Тегол обернулся, уперев руки в боки.

– Мы продали буквально все, кроме кровати и табурета. Сколько же нужно времени на уборку?

Бугг прищурился.

– Немного, – согласился он. – Что вы хотите на ужин?

– Что-нибудь, что требуется готовить.

– То есть что-то вкусное и приготовленное или что-то, что еще требует готовки?

– И так, и так хорошо.

– Как насчет дров?

– Я не буду есть…

– Для очага.

– А-а… Найди где-нибудь. Посмотри на табурет – ну зачем ему три ноги? Когда воровство не приносит дохода, нужно выкручиваться. Я отправляюсь навстречу своим судьбам, Бугг. Молись, чтобы Странник отвернулся, ладно?

– Разумеется.

Тегол двинулся вниз по лестнице, с ужасом обнаружив, что осталась только одна из трех ступенек.

Комната на уровне земли была голой, только у стены лежал свернутый матрац.
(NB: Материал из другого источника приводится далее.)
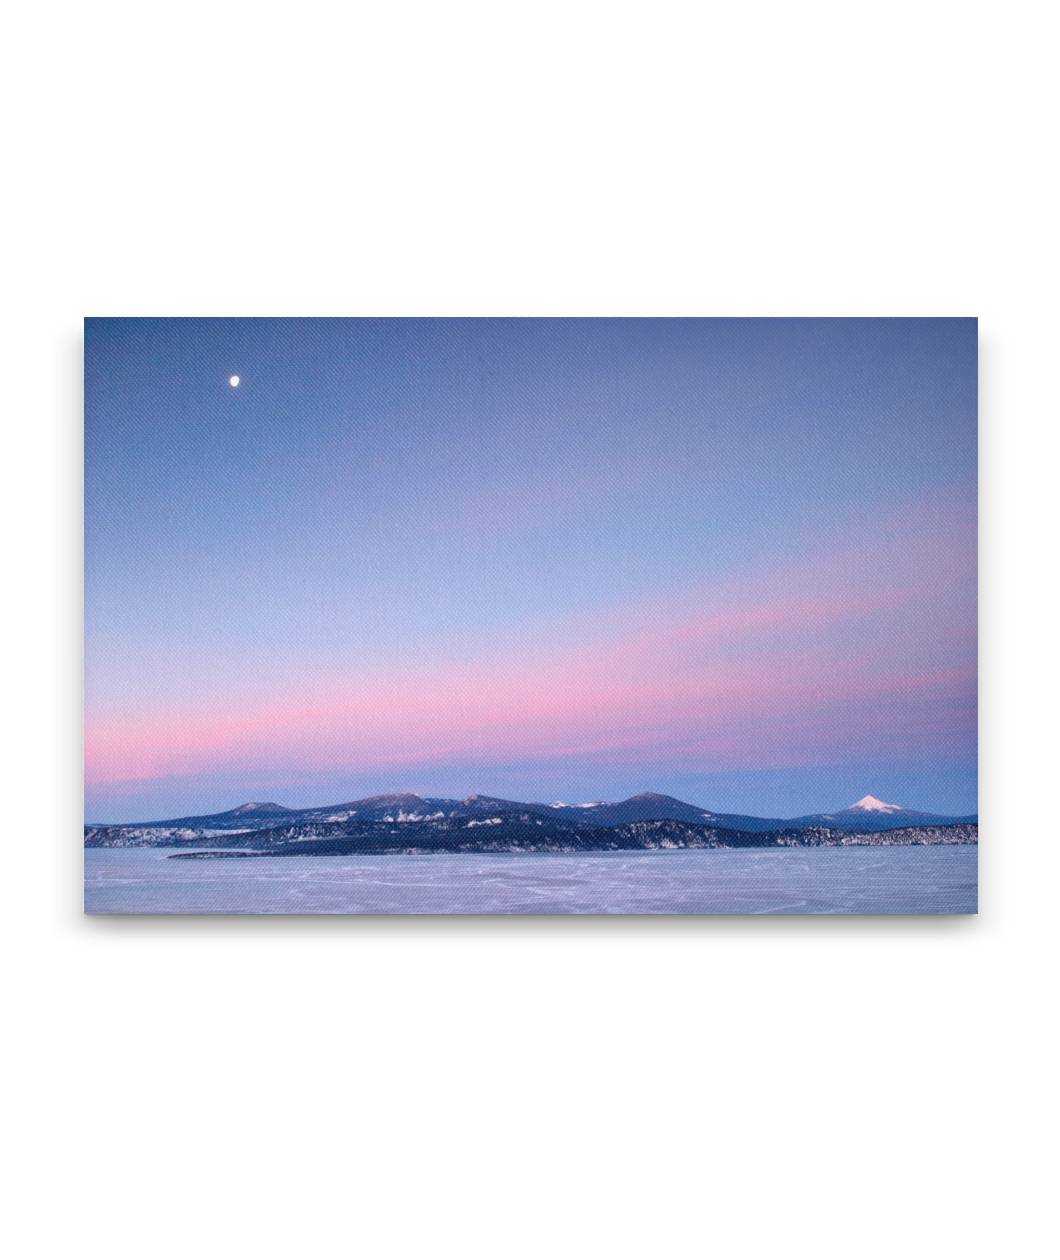 Moonrise and Mountain Lakes Wilderness at Sunrise, Agency lake, Oregon

Одинокий грязный горшок отдыхал на плите очага, устроенного под окном, на полу – пара деревянных ложек и две миски. И все-таки, отметил Тегол, есть в этом некая суровая элегантность.

Он отодвинул жалкую занавеску, заменявшую дверь. Кстати, надо сказать Буггу, чтобы достал дверную задвижку из очага. Немного почистить – и можно получить пару доксов с жестянщика Каспа.

Тегол вышел из дома и оказался в узком проходе – узком настолько, что приходилось протискиваться до улицы бочком, отшвыривая на каждом шагу мусор. Пухленькие женщины… Жаль, я не видел, как они протискивались к моей двери. Точно, надо пригласить на ужин.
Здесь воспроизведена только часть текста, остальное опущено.